====== Given material ======
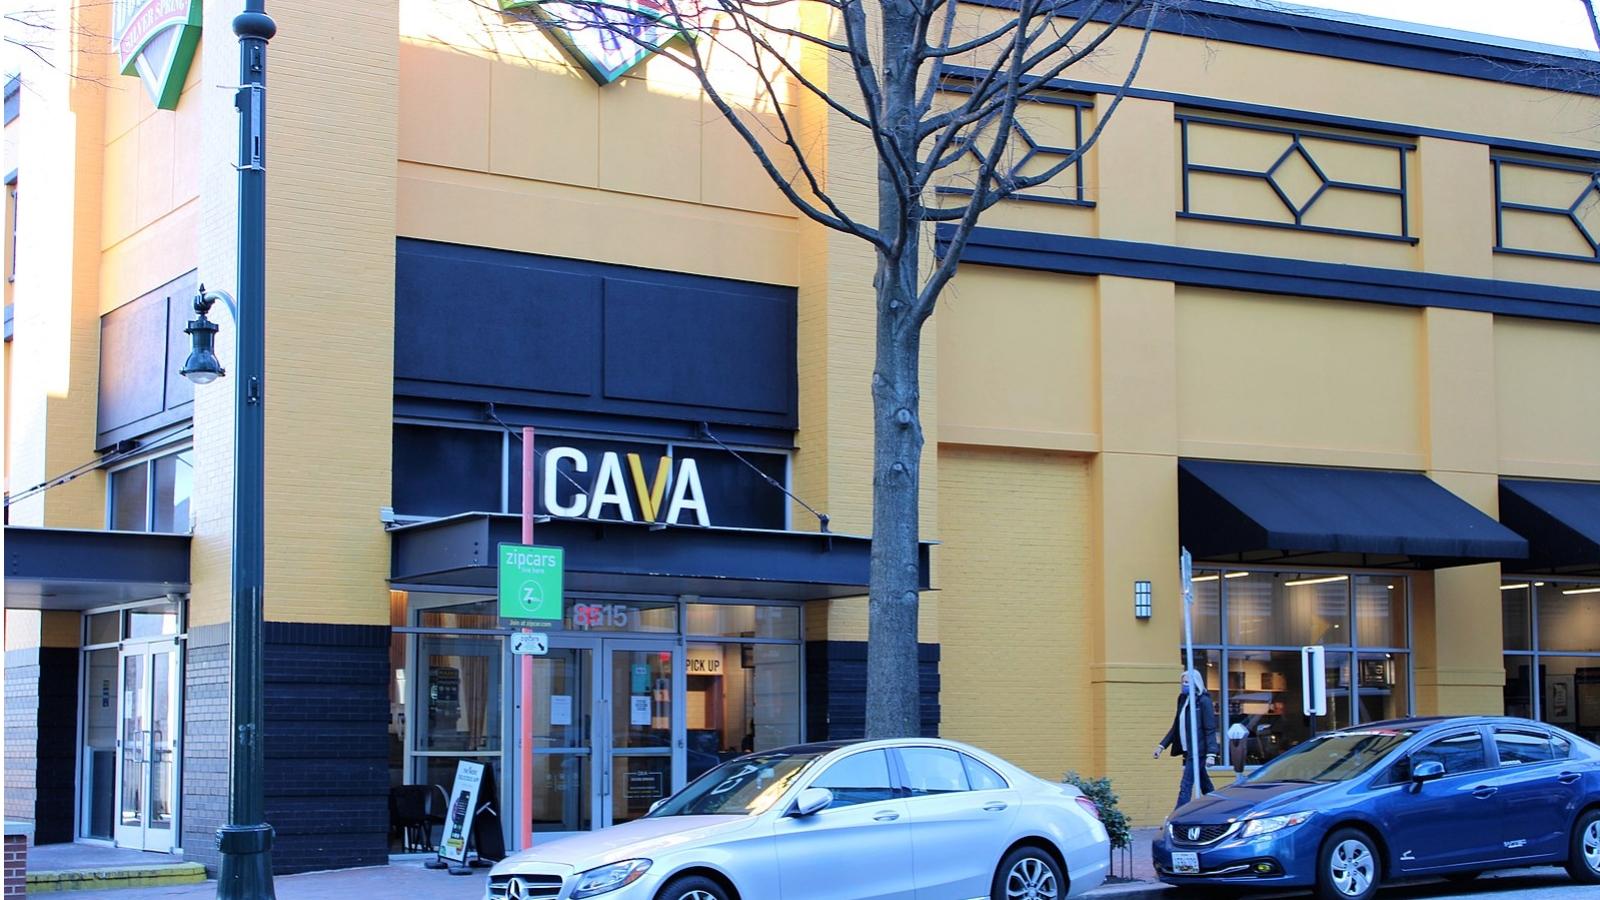 CAVA restaurant
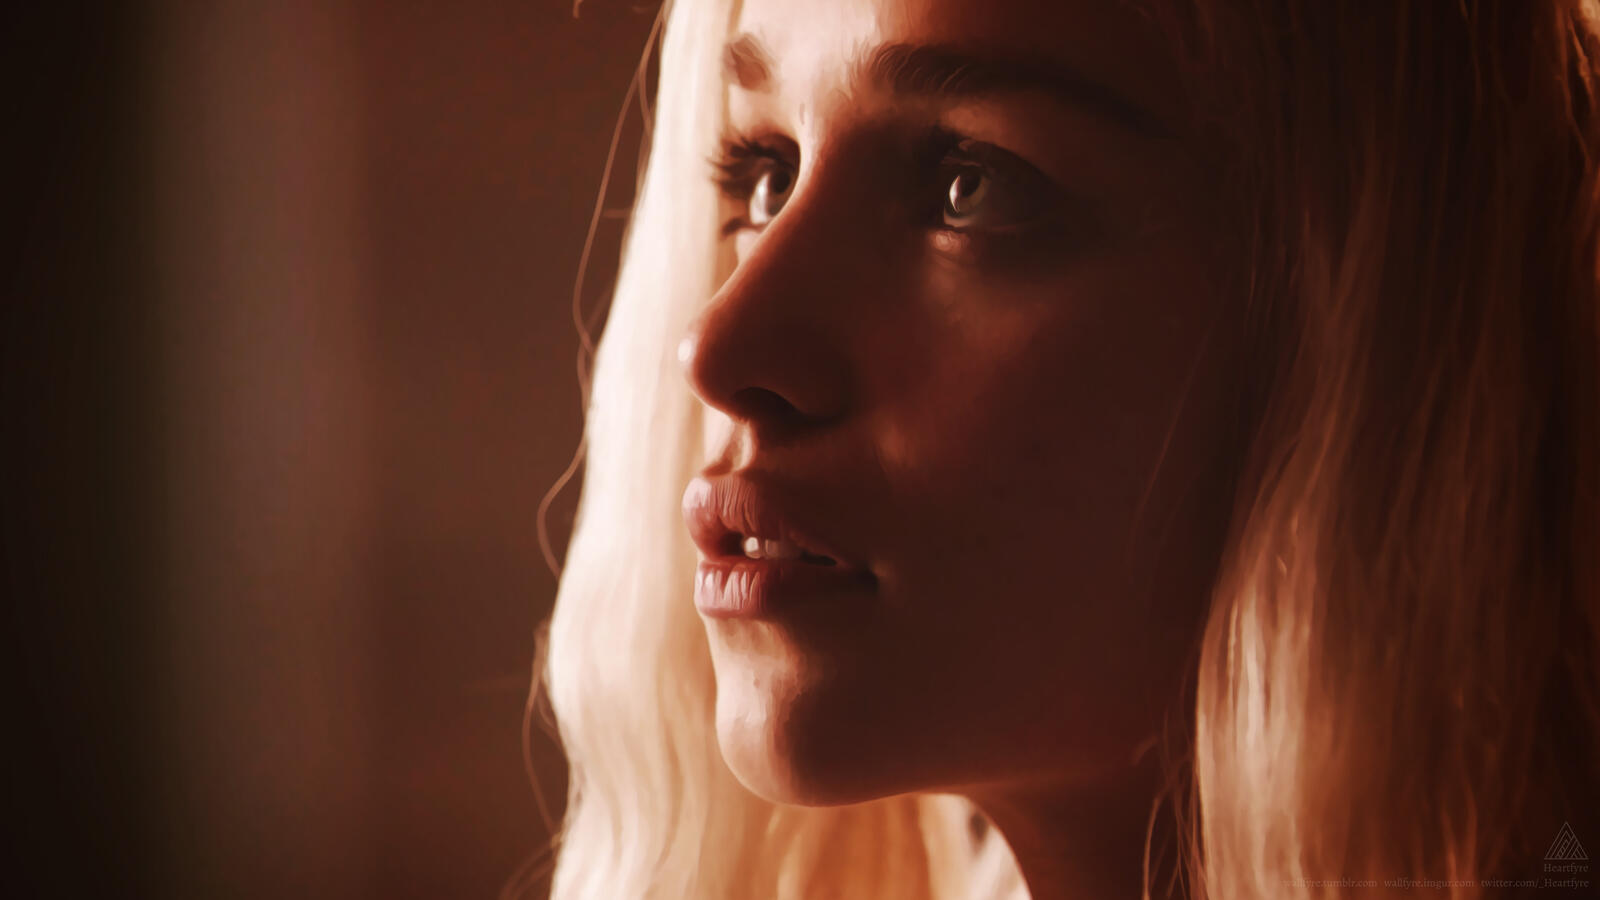 Wallpapers Daenerys Targaryen Emilia Clarke Game Of Thrones on the desktop
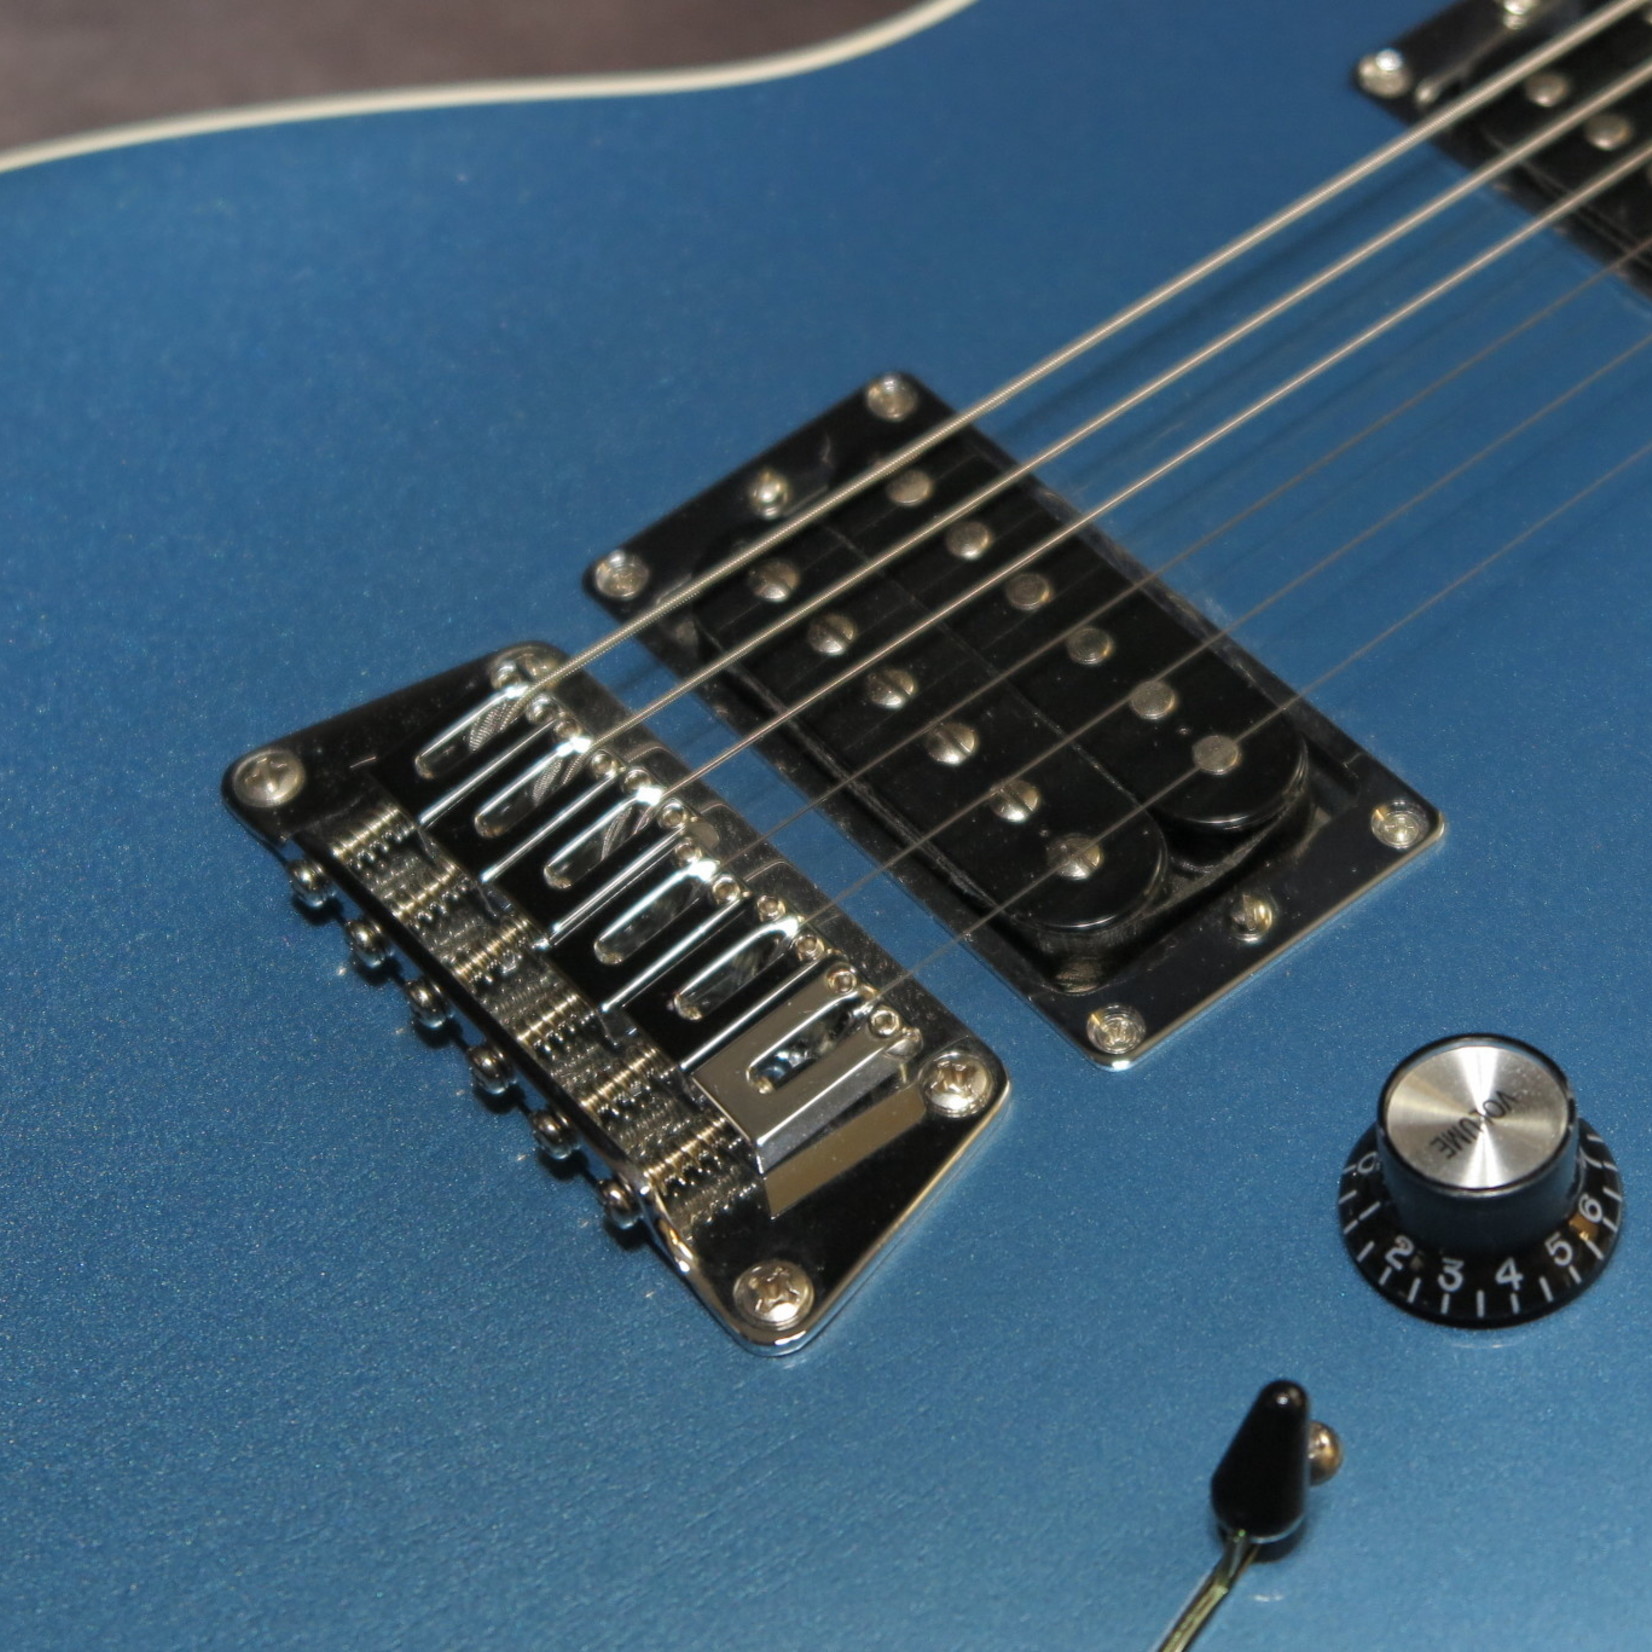 Gibson 2011 Gibson Nighthawk Studio Electric Guitar - Pelham Blue (Used)
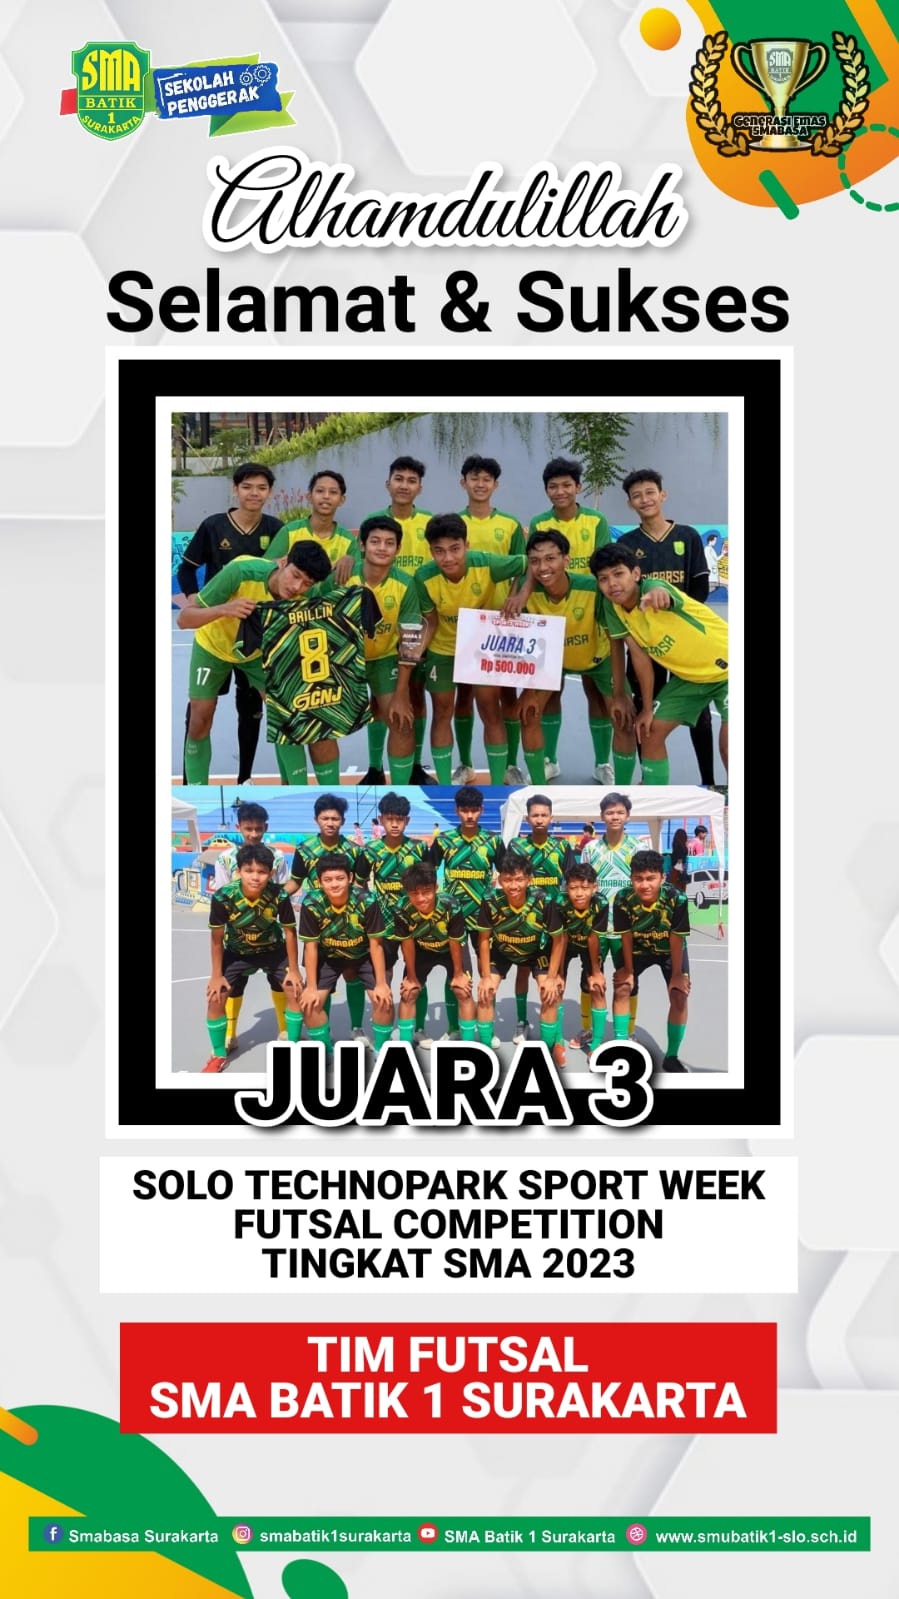 Juara 3. Solo Technopark Futsal Competition 2023
======
● What this task involves: The material should be returned verbatim, with all images omitted.

● Solution to this problem:
 CAVA restaurant
 Wallpapers Daenerys Targaryen Emilia Clarke Game Of Thrones on the desktop
 Gibson 2011 Gibson Nighthawk Studio Electric Guitar - Pelham Blue (Used)
 Juara 3. Solo Technopark Futsal Competition 2023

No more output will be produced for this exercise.